Everything from the first line of the data below through the line that contains "Dragon Bridge spits fire and water" should be written out exactly, please, and nothing more; the pictures stay out.

### SUPPLIED MATERIAL
----

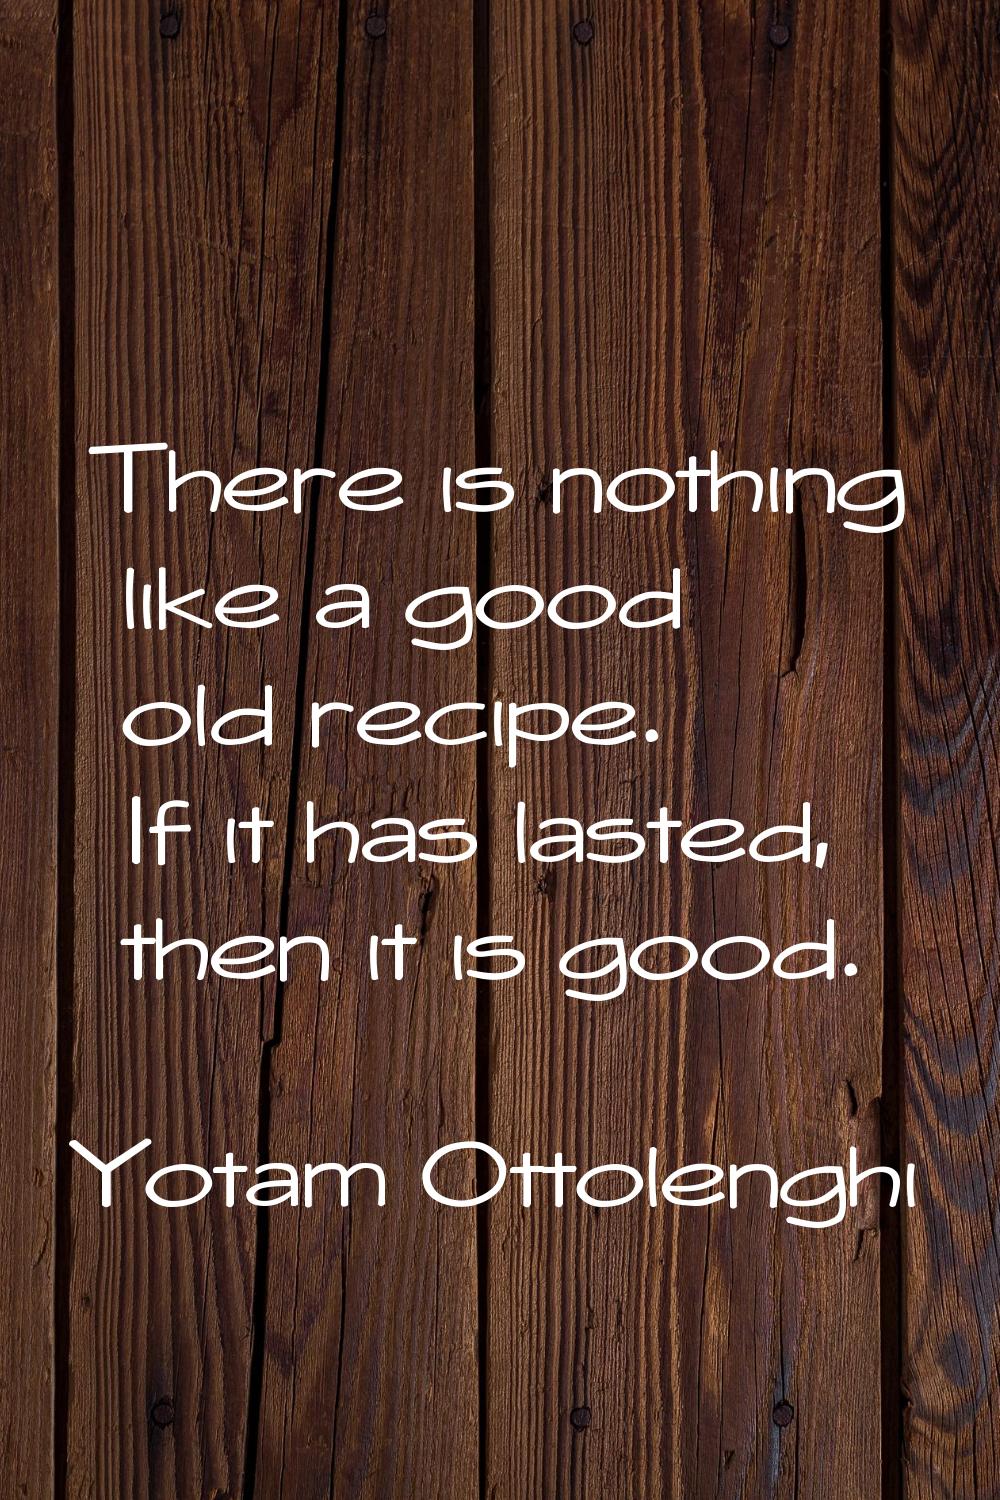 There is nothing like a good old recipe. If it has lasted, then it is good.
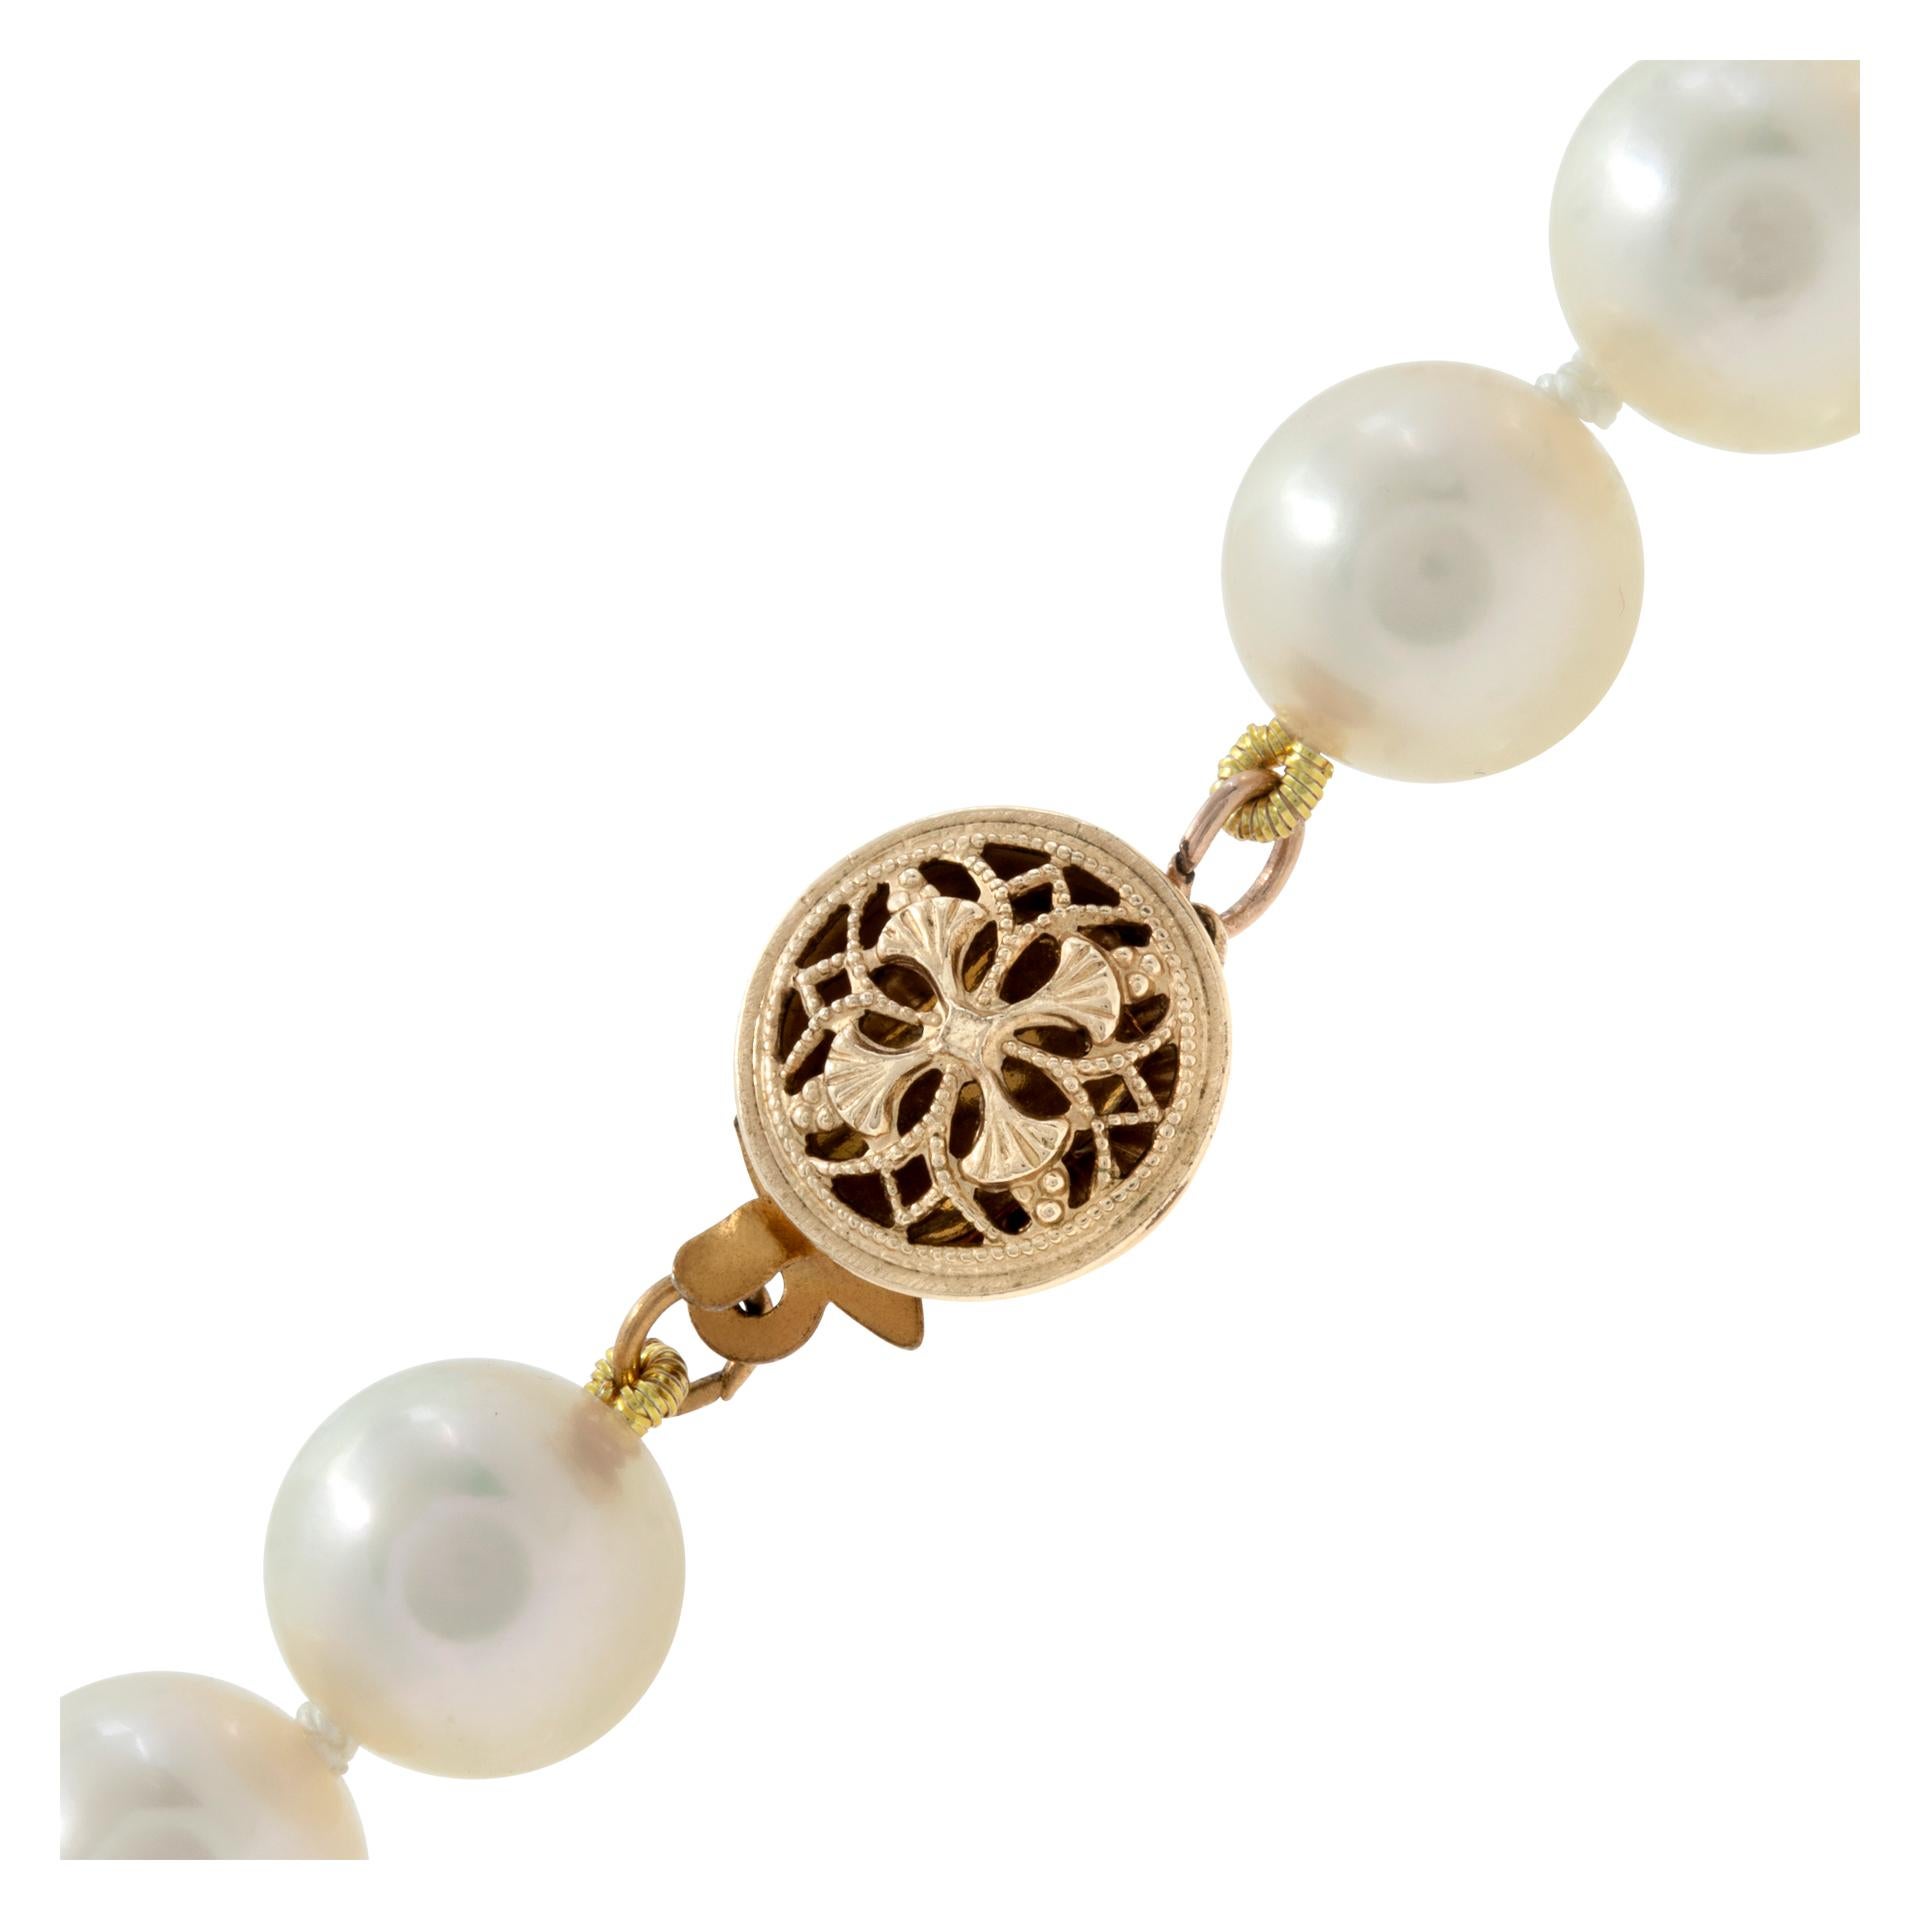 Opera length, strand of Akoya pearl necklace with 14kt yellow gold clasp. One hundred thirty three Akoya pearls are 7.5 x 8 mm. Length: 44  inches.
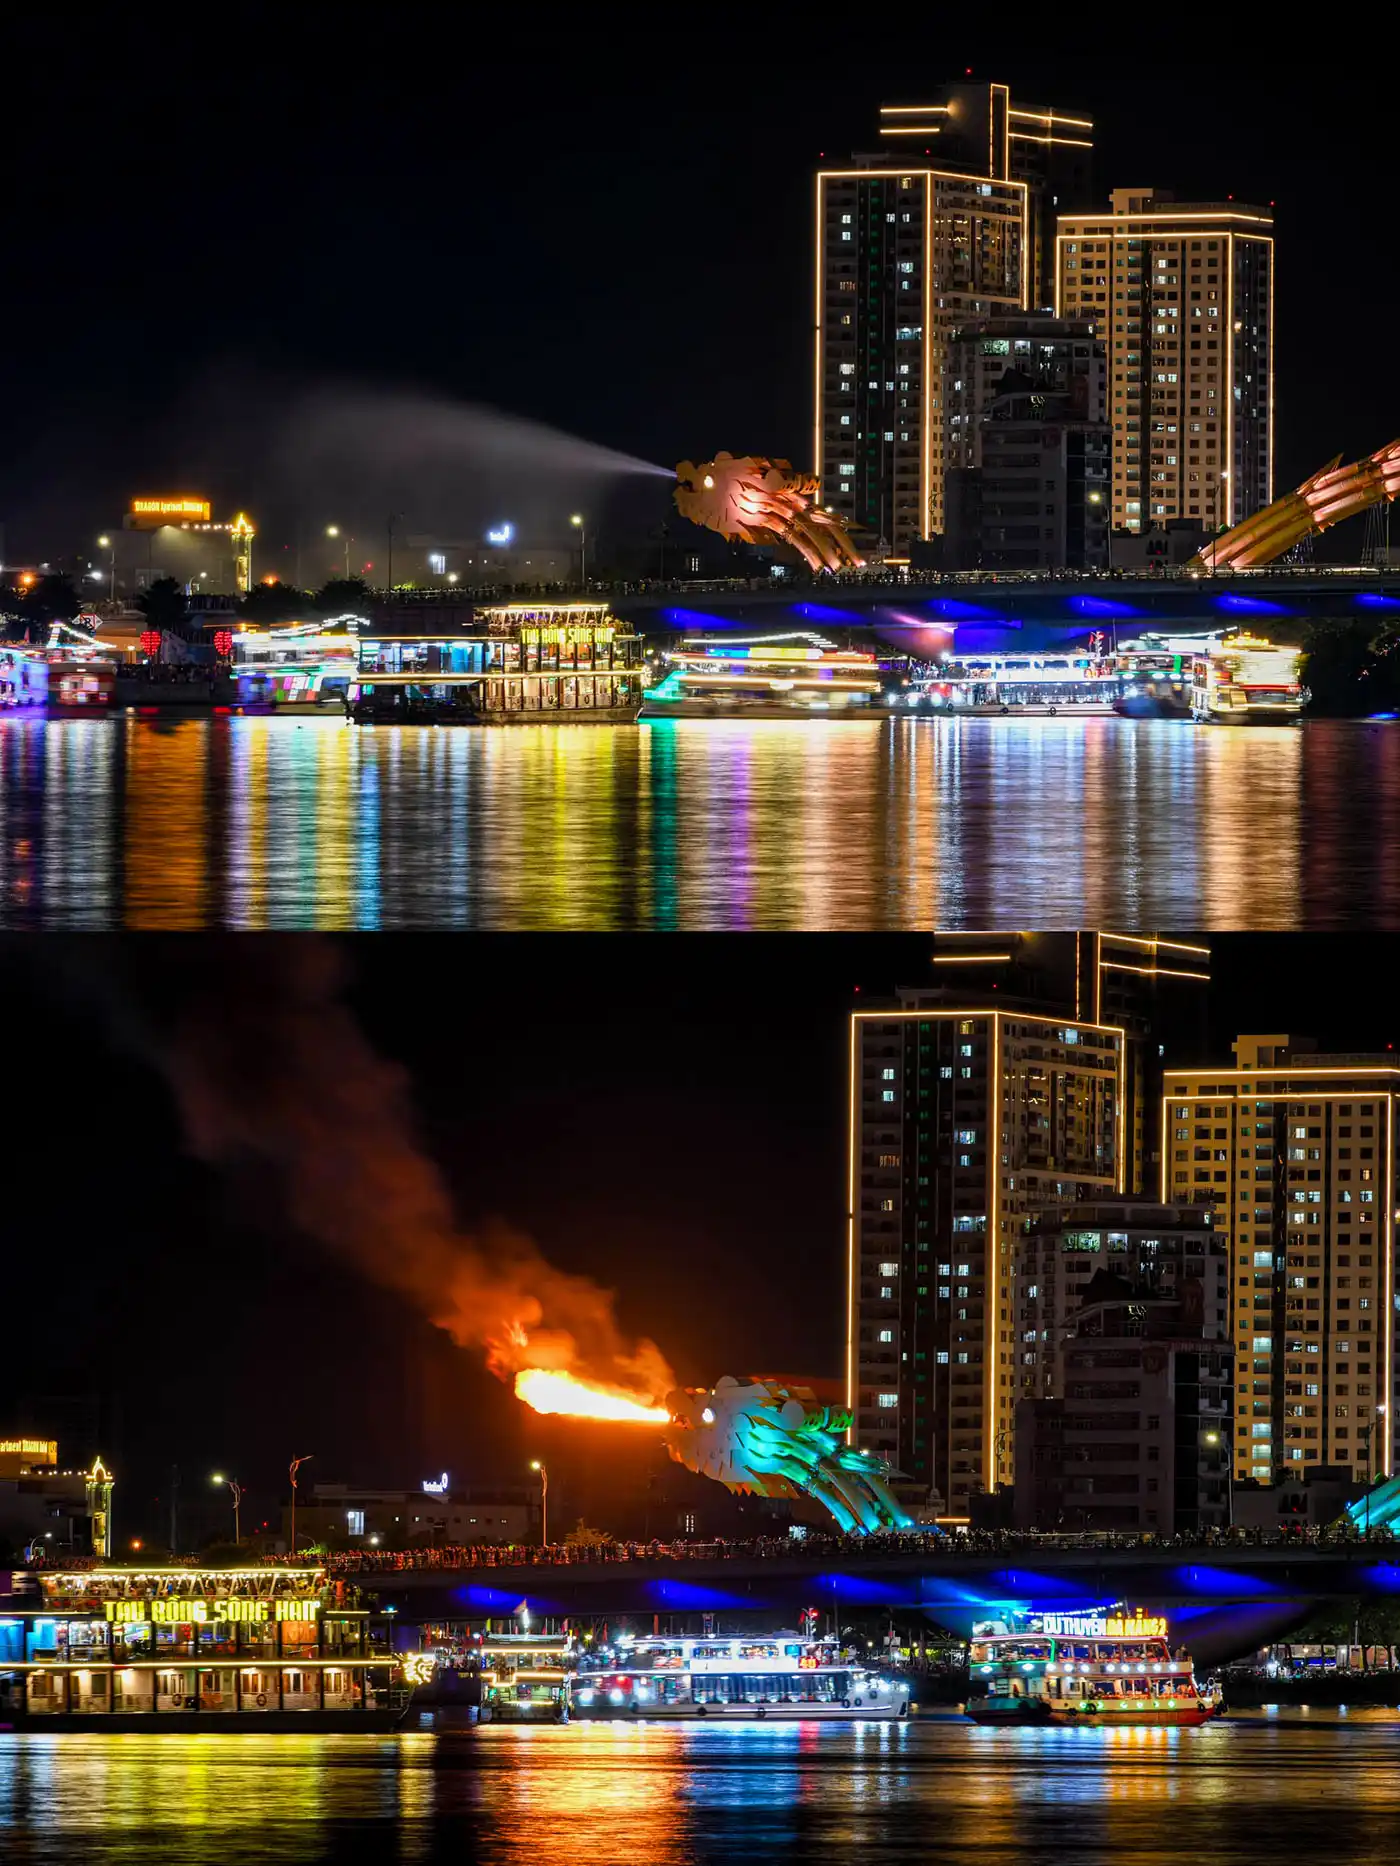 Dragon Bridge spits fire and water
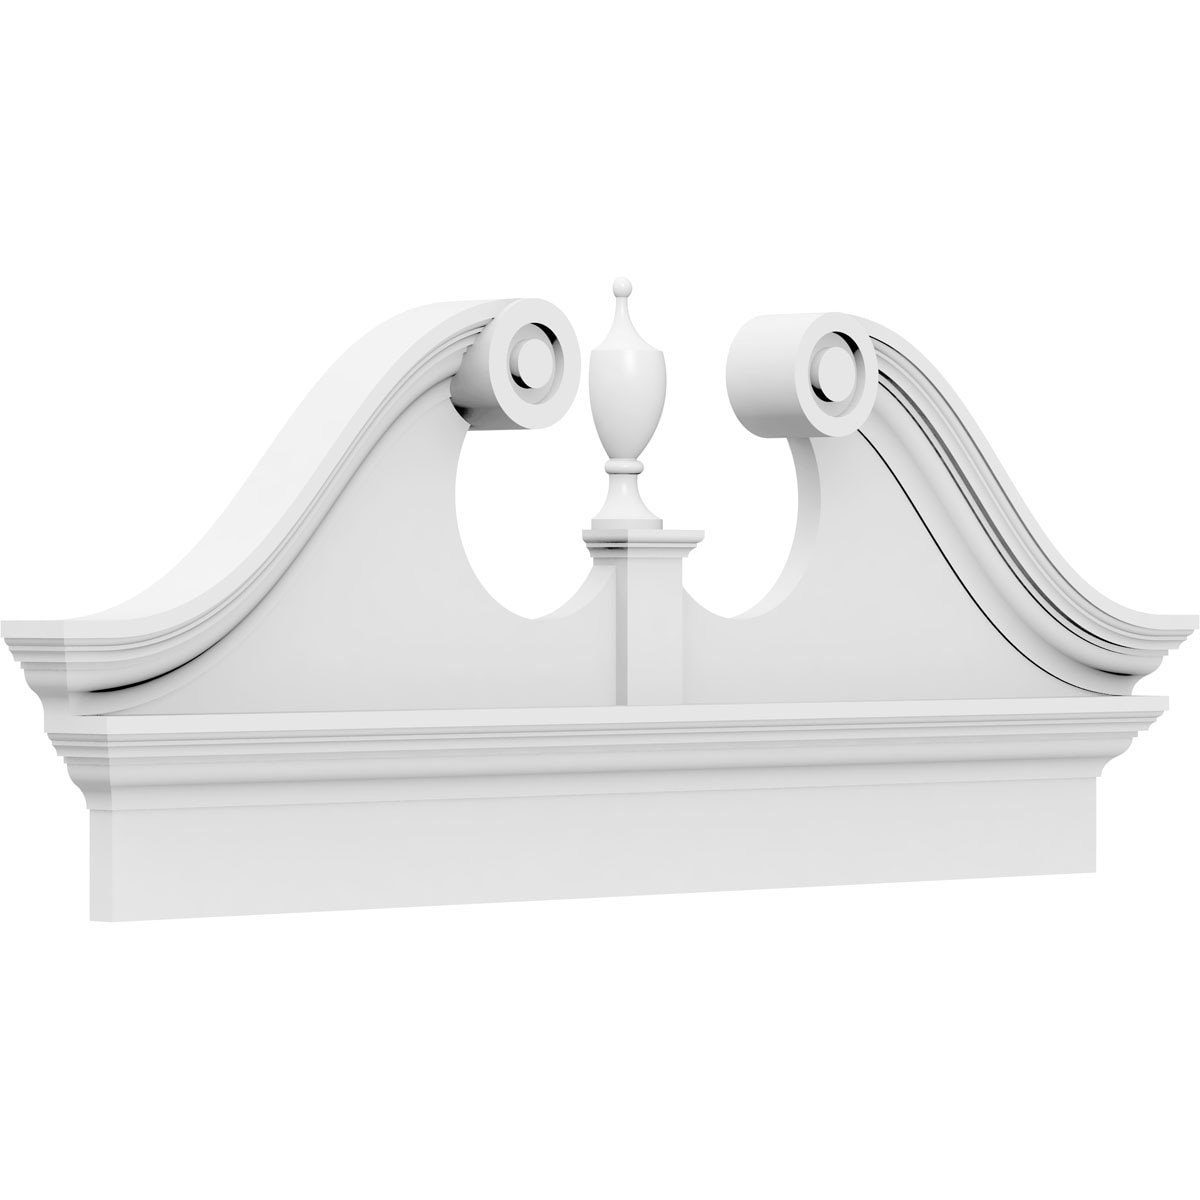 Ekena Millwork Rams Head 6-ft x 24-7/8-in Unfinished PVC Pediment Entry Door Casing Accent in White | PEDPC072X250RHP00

----

### TASK ANSWER
 There is nothing like a good old recipe. If it has lasted, then it is good.
 Opera length, strand of Akoya pearl necklace with 14kt yellow gold clasp. One hundred thirty three Akoya pearls are 7.5 x 8 mm. Length: 44  inches.
 Dragon Bridge spits fire and water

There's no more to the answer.